Keeley's most noted contribution to the fields of Paleolithic archaeology and experimental archaeology was his development and defense of microwear analysis in the study of stone tools and hominid behavioral reconstruction.[6] Microwear analysis is one of two primary methods (the other being use-wear analysis) for identifying the functions of artifact tools. Both methods rely on examination of the smoothed down sections of blades, called "polishes," formed on the working edges of lithics. Microwear differs from use-wear because of the scale at which the analysis happens; microwear analysis is the use of microscopy to evaluate and understand these polishes.[7] Keeley is considered to be a pioneer of microwear analysis, and microwear analysis has become a vital method of archaeological research.[8][3]
The primary way that Keeley demonstrated the efficacy of microwear analysis was through the Keeley–Newcomer blind test.[5] The methodology of this test was similar to other early microwear experiments, and it consisted of attempting to correctly determine tool function from analysis of lithics made and used by a researcher. The Keeley-Newcomer test differed from prior tests though because the tools were made and used by a researcher, Mark Newcomer, independent of the archaeologist, Lawrence Keeley. Keeley took up this test as a challenge from Mark Newcomer, a lecturer at London University'sInstitute of Archaeology and a skeptic of microwear analysis, to demonstrate the reliability of the method.[9] Running a blind test granted their results objectivity and turned the experiment into an argument for the general use of microwear analysis in archaeological research. As a result of these original results and similar tests, microwear has enjoyed consistent use and development across the field of Paleolithic archaeology since 1977.[3][10]
Despite Keeley's successful identification of the majority of the lithics provided by Newcomer and subsequent similar blind tests by other archaeologists, Newcomer wrote critically of microwear analysis in 1986. He wrote of a series of blind tests run by London University, "there has been no convincing demonstration that anyone can consistently identify worked materials by polish type alone."[11] However, other archaeologists have defended Keeley's contribution and even criticized Newcomer's skepticism.[12][13]
Koobi Fora study
Keeley worked with Nicholas Toth in 1981 to analyze oldowan tools from Koobi Fora, Kenya. Using microwear and use-wear analysis, the pair narrowed their research to 54 lithic flakes from among the oldowan, which they used to understand the at least 1.4 million year-old civilization. Nine of these 54 exhibited signs of wear in their analysis, which involved high power microscopy at 50-400x magnification.[14] Keeley discovered that these nine flakes, which would have been overlooked by most traditional studies, were actually used as stone tools themselves and were not simply debitage from the creation of lithic cores.[15] Their conclusion was that flakes themselves were the desired tool in lithic reduction, which was supported by their identification of flakes used for butchery, woodworking, and standard cutting of plant matter.[16] At the time of publishing, this use theory ran counter to a competing theory that lithic cores were the primary intended tools.[17] Since publishing, however, their theories have become widely known and have found support in several other studies. Their joint study was published in Nature and has been widely cited as an example of hominid behavioral reconstruction.[5]
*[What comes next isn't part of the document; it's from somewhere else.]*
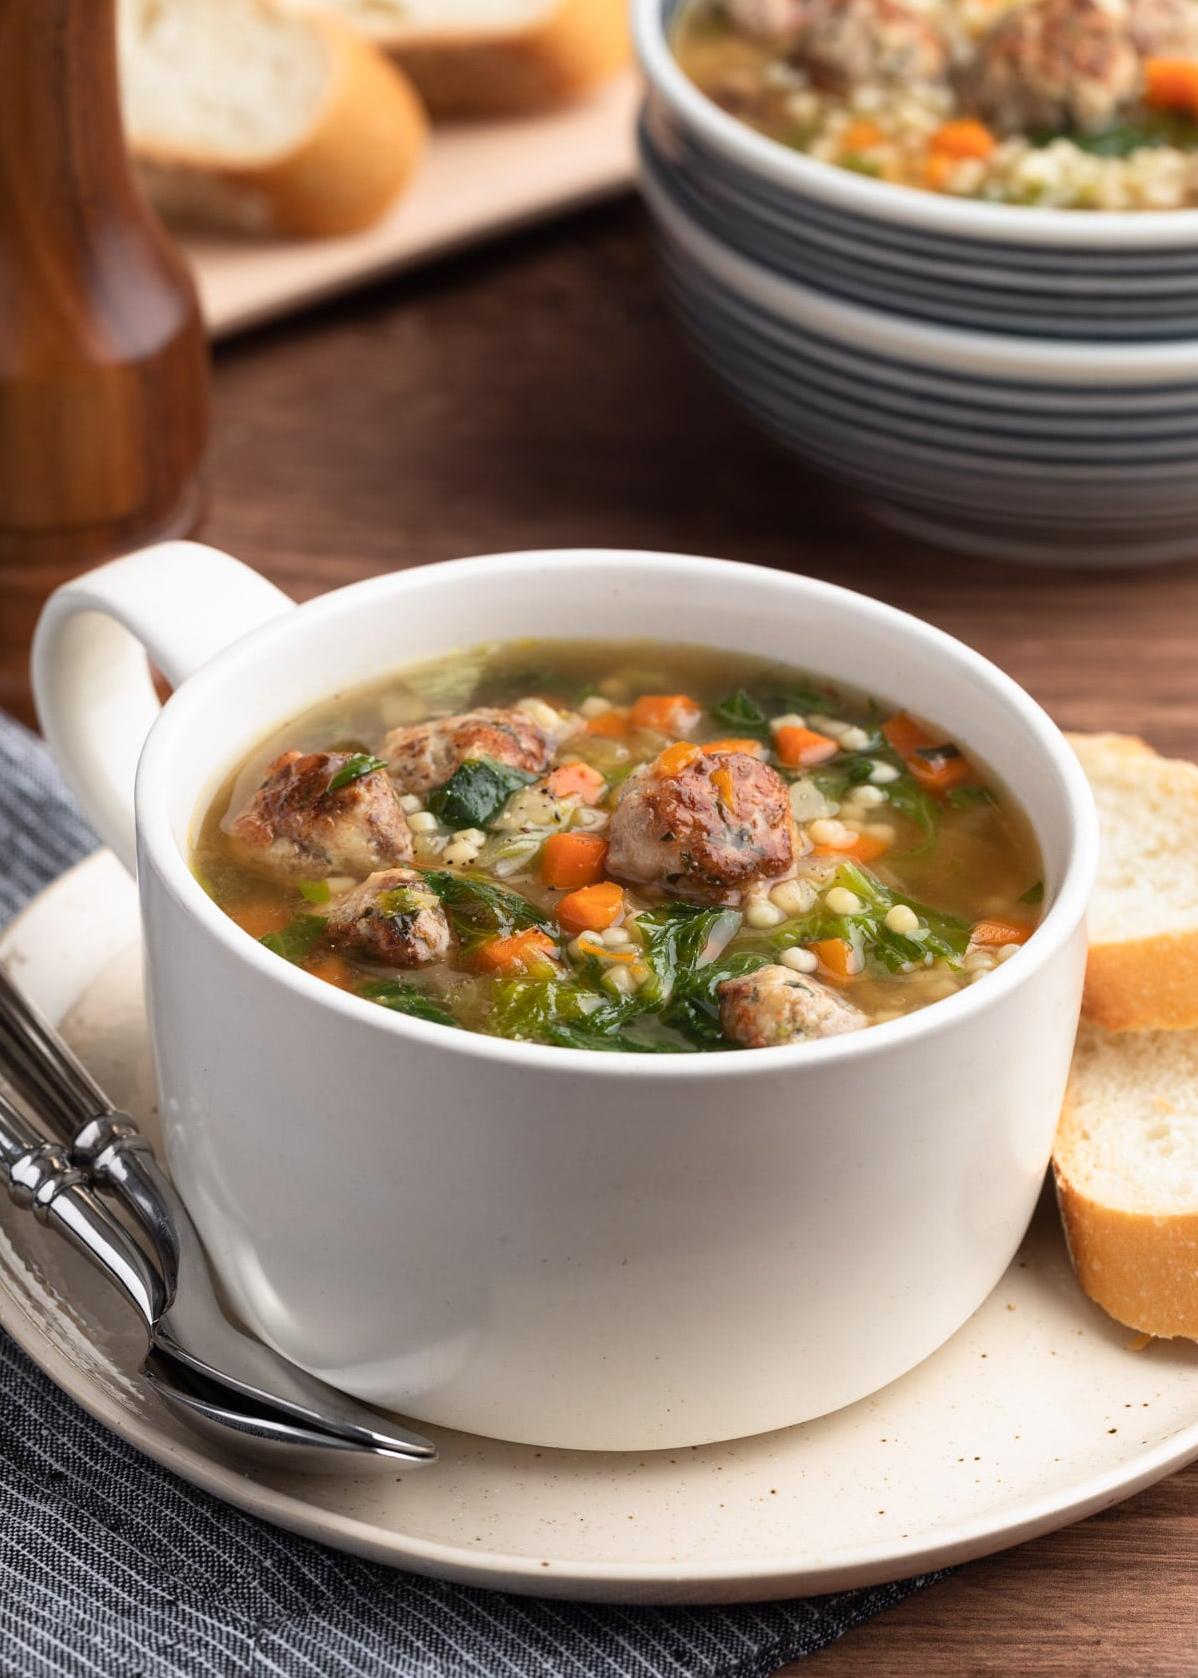  This savory soup is the perfect hearty meal for chilly evenings at home.

Toth later hypothesized that these flake tools were likely to have initially been created accidentally from the creation of cores but later became the desired result instead of cores. He also stated that the development of flake tools was crucial in the evolution of human intelligence, a theory that has found support even outside of archaeology.[7][18][19]
Keeley's best known work is War Before Civilization: The Myth of the Peaceful Savage, published by the Oxford University Press in 1996. This book was an empirical rebuttal of the popular romantic anthropological idea of the "noble savage."[4] Keeley's core thesis is that western academics had "pacified" history, especially relating to the role of violence in the history of human development, and that overall death rates in modern societies were remarkably lower than among small-scale Paleolithic groups. War Before Civilization reinvigorated classic arguments regarding human nature, largely inspired by Thomas Hobbes and Jean-Jacques Rousseau's perspectives on the subject. This book also initiated a renewed interdisciplinary interest in war in the context of sociocultural evolution, which lasted through the latter 1990s.[20][21][22]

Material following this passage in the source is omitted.